- What is required
Return the listing in full. Keep each line exactly as it is.

- Material provided
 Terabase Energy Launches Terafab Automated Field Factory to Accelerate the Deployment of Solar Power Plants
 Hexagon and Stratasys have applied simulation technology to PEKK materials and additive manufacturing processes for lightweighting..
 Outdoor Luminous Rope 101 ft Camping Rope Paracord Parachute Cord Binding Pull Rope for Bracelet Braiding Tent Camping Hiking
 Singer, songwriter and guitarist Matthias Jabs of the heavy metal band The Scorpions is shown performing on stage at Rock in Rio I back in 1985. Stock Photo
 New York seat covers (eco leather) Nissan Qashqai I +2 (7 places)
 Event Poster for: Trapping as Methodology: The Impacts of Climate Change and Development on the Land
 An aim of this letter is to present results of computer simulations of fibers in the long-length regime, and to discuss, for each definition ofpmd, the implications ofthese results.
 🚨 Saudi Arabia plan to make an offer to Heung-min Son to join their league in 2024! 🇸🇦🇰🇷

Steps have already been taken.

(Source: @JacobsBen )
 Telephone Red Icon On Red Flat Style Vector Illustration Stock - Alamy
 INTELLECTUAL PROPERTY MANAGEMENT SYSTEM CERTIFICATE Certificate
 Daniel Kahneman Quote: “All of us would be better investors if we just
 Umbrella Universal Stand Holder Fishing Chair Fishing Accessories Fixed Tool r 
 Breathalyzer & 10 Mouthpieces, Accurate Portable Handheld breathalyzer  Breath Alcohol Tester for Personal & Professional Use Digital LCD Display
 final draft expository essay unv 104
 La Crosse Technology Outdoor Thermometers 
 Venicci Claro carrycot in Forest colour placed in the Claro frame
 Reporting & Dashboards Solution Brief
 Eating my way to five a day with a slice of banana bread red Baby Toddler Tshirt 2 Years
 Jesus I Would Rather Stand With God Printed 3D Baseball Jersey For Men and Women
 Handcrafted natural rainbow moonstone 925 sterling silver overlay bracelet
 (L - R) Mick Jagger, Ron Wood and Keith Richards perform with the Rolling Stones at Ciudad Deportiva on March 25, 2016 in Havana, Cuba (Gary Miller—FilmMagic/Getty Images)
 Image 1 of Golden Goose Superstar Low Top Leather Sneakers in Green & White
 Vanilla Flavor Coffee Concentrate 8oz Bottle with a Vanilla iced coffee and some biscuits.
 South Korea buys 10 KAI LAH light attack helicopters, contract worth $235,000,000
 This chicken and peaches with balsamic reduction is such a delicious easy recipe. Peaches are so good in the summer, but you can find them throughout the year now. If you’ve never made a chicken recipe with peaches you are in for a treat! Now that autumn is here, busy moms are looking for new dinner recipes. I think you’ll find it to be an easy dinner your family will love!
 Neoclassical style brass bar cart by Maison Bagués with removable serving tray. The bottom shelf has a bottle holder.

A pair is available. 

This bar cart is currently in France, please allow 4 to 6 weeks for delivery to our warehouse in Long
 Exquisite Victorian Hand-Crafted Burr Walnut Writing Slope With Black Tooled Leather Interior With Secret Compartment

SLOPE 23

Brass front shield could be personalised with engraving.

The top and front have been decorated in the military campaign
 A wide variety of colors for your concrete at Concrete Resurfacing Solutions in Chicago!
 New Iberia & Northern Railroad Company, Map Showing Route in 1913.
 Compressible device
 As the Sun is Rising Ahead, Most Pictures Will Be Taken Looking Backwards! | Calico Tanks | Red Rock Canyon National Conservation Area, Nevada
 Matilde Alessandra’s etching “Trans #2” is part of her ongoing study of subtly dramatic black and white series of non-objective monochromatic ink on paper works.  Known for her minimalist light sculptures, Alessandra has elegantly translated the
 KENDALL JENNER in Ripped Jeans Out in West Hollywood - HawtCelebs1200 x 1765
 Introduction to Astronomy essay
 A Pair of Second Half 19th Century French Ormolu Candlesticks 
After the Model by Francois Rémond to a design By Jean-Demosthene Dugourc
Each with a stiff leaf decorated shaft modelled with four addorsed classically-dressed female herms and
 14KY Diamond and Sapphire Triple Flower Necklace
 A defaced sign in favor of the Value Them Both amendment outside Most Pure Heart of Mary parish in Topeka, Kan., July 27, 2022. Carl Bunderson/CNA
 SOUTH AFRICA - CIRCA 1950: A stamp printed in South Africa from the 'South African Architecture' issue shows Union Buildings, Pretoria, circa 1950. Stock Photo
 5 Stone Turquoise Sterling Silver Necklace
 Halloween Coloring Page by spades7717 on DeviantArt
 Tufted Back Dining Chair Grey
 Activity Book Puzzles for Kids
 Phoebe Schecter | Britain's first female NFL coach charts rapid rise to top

- Exercise solution
 Terabase Energy Launches Terafab Automated Field Factory to Accelerate the Deployment of Solar Power Plants
 Hexagon and Stratasys have applied simulation technology to PEKK materials and additive manufacturing processes for lightweighting..
 Outdoor Luminous Rope 101 ft Camping Rope Paracord Parachute Cord Binding Pull Rope for Bracelet Braiding Tent Camping Hiking
 Singer, songwriter and guitarist Matthias Jabs of the heavy metal band The Scorpions is shown performing on stage at Rock in Rio I back in 1985. Stock Photo
 New York seat covers (eco leather) Nissan Qashqai I +2 (7 places)
 Event Poster for: Trapping as Methodology: The Impacts of Climate Change and Development on the Land
 An aim of this letter is to present results of computer simulations of fibers in the long-length regime, and to discuss, for each definition ofpmd, the implications ofthese results.
 🚨 Saudi Arabia plan to make an offer to Heung-min Son to join their league in 2024! 🇸🇦🇰🇷

Steps have already been taken.

(Source: @JacobsBen )
 Telephone Red Icon On Red Flat Style Vector Illustration Stock - Alamy
 INTELLECTUAL PROPERTY MANAGEMENT SYSTEM CERTIFICATE Certificate
 Daniel Kahneman Quote: “All of us would be better investors if we just
 Umbrella Universal Stand Holder Fishing Chair Fishing Accessories Fixed Tool r 
 Breathalyzer & 10 Mouthpieces, Accurate Portable Handheld breathalyzer  Breath Alcohol Tester for Personal & Professional Use Digital LCD Display
 final draft expository essay unv 104
 La Crosse Technology Outdoor Thermometers 
 Venicci Claro carrycot in Forest colour placed in the Claro frame
 Reporting & Dashboards Solution Brief
 Eating my way to five a day with a slice of banana bread red Baby Toddler Tshirt 2 Years
 Jesus I Would Rather Stand With God Printed 3D Baseball Jersey For Men and Women
 Handcrafted natural rainbow moonstone 925 sterling silver overlay bracelet
 (L - R) Mick Jagger, Ron Wood and Keith Richards perform with the Rolling Stones at Ciudad Deportiva on March 25, 2016 in Havana, Cuba (Gary Miller—FilmMagic/Getty Images)
 Image 1 of Golden Goose Superstar Low Top Leather Sneakers in Green & White
 Vanilla Flavor Coffee Concentrate 8oz Bottle with a Vanilla iced coffee and some biscuits.
 South Korea buys 10 KAI LAH light attack helicopters, contract worth $235,000,000
 This chicken and peaches with balsamic reduction is such a delicious easy recipe. Peaches are so good in the summer, but you can find them throughout the year now. If you’ve never made a chicken recipe with peaches you are in for a treat! Now that autumn is here, busy moms are looking for new dinner recipes. I think you’ll find it to be an easy dinner your family will love!
 Neoclassical style brass bar cart by Maison Bagués with removable serving tray. The bottom shelf has a bottle holder.

A pair is available. 

This bar cart is currently in France, please allow 4 to 6 weeks for delivery to our warehouse in Long
 Exquisite Victorian Hand-Crafted Burr Walnut Writing Slope With Black Tooled Leather Interior With Secret Compartment

SLOPE 23

Brass front shield could be personalised with engraving.

The top and front have been decorated in the military campaign
 A wide variety of colors for your concrete at Concrete Resurfacing Solutions in Chicago!
 New Iberia & Northern Railroad Company, Map Showing Route in 1913.
 Compressible device
 As the Sun is Rising Ahead, Most Pictures Will Be Taken Looking Backwards! | Calico Tanks | Red Rock Canyon National Conservation Area, Nevada
 Matilde Alessandra’s etching “Trans #2” is part of her ongoing study of subtly dramatic black and white series of non-objective monochromatic ink on paper works.  Known for her minimalist light sculptures, Alessandra has elegantly translated the
 KENDALL JENNER in Ripped Jeans Out in West Hollywood - HawtCelebs1200 x 1765
 Introduction to Astronomy essay
 A Pair of Second Half 19th Century French Ormolu Candlesticks 
After the Model by Francois Rémond to a design By Jean-Demosthene Dugourc
Each with a stiff leaf decorated shaft modelled with four addorsed classically-dressed female herms and
 14KY Diamond and Sapphire Triple Flower Necklace
 A defaced sign in favor of the Value Them Both amendment outside Most Pure Heart of Mary parish in Topeka, Kan., July 27, 2022. Carl Bunderson/CNA
 SOUTH AFRICA - CIRCA 1950: A stamp printed in South Africa from the 'South African Architecture' issue shows Union Buildings, Pretoria, circa 1950. Stock Photo
 5 Stone Turquoise Sterling Silver Necklace
 Halloween Coloring Page by spades7717 on DeviantArt
 Tufted Back Dining Chair Grey
 Activity Book Puzzles for Kids
 Phoebe Schecter | Britain's first female NFL coach charts rapid rise to top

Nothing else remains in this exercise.